Let $a_n > 0$ and $b_n$ real.
Let $f(x)= x - \sum_{i=0}^{\infty} \dfrac {a_n}{x+b_n}$
Now apparently for every function $F(x)$ :
$$\int_{-\infty}^{+\infty} F(f(x)) - F(x) dx = 0$$
If the integral converges.
Why is this true ?
I considered contour integrals and substitution but found no proof.
I assume there is a substitution such that we get
$$\int_{-\infty}^{+\infty} F(f(x)) - F(x) dx =\int_{+\infty}^{-\infty} F(f(u)) - F(u) du$$
(from which the equality to $0$ follows)
I also assume this can be proved by an argument principle.

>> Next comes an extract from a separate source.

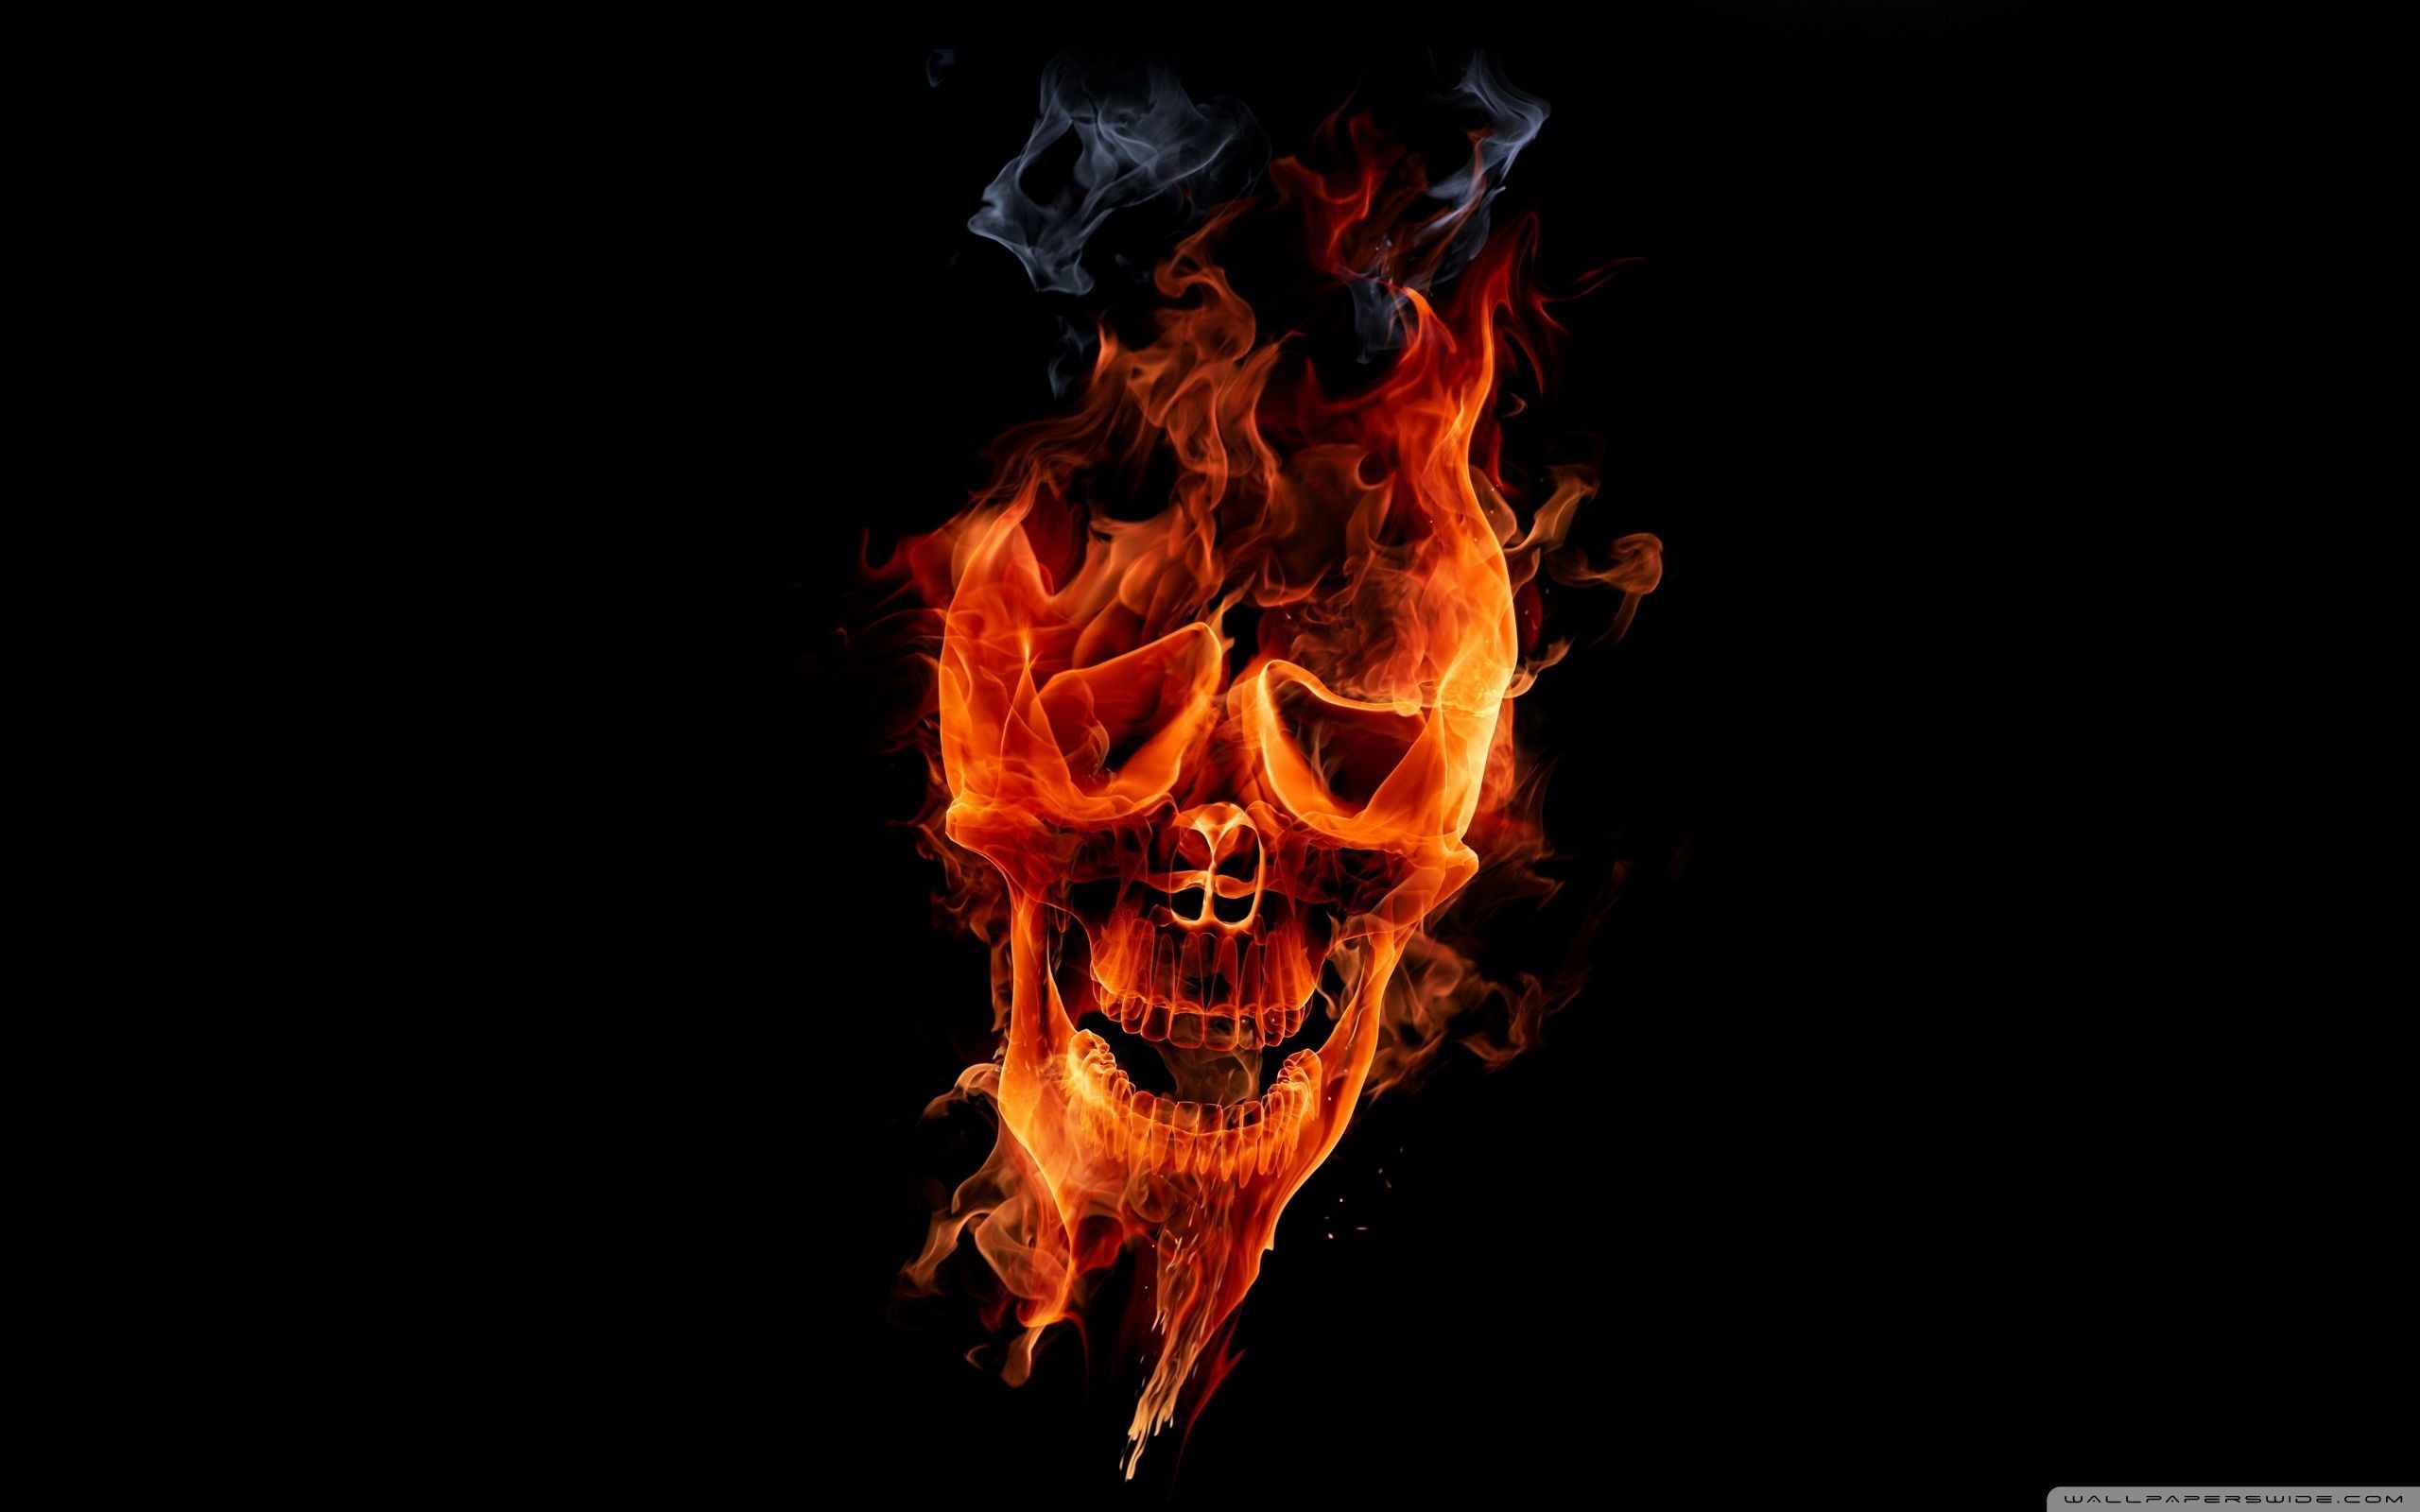 Fire Skull Wallpaper Full HD 2560×1600 – Free wallpaper full hd

And I assume there is a much simpler way to prove this.
Not a full answer but perhaps the first step to a simple full answer.
I found a proof for the case $F$ is continuous and $f(x) = x - \frac{1}{x}$.
And indeed it uses some simple substitutions.
We may write \begin{align} \int_{-\infty}^{\infty}f\left(x-\frac{1}{x}\right)dx&=\int_{0}^{\infty}f\left(x-\frac{1}{x}\right)dx+\int_{-\infty}^{0}f\left(x-\frac{1}{x}\right)dx=\\ &=\int_{-\infty}^{\infty}f(2\sinh T)\,e^{T}dT + \int_{-\infty}^{\infty}f(2\sinh T)\,e^{-T}dT=\\ (collecting\space terms ) &=\int_{-\infty}^{\infty}f(2\sinh T)\,2\cosh T\,d T=\\ &=\int_{-\infty}^{\infty}f(x)\,dx. \end{align} To go from the first to the second line, we make the substitution $x=e^{T}$ in the first integral and $x=-e^{-T}$ in the second one.
The simplicity of this proof and its substitutions imho seems to suggest we can generalize this to a simple full proof by substitutions methods.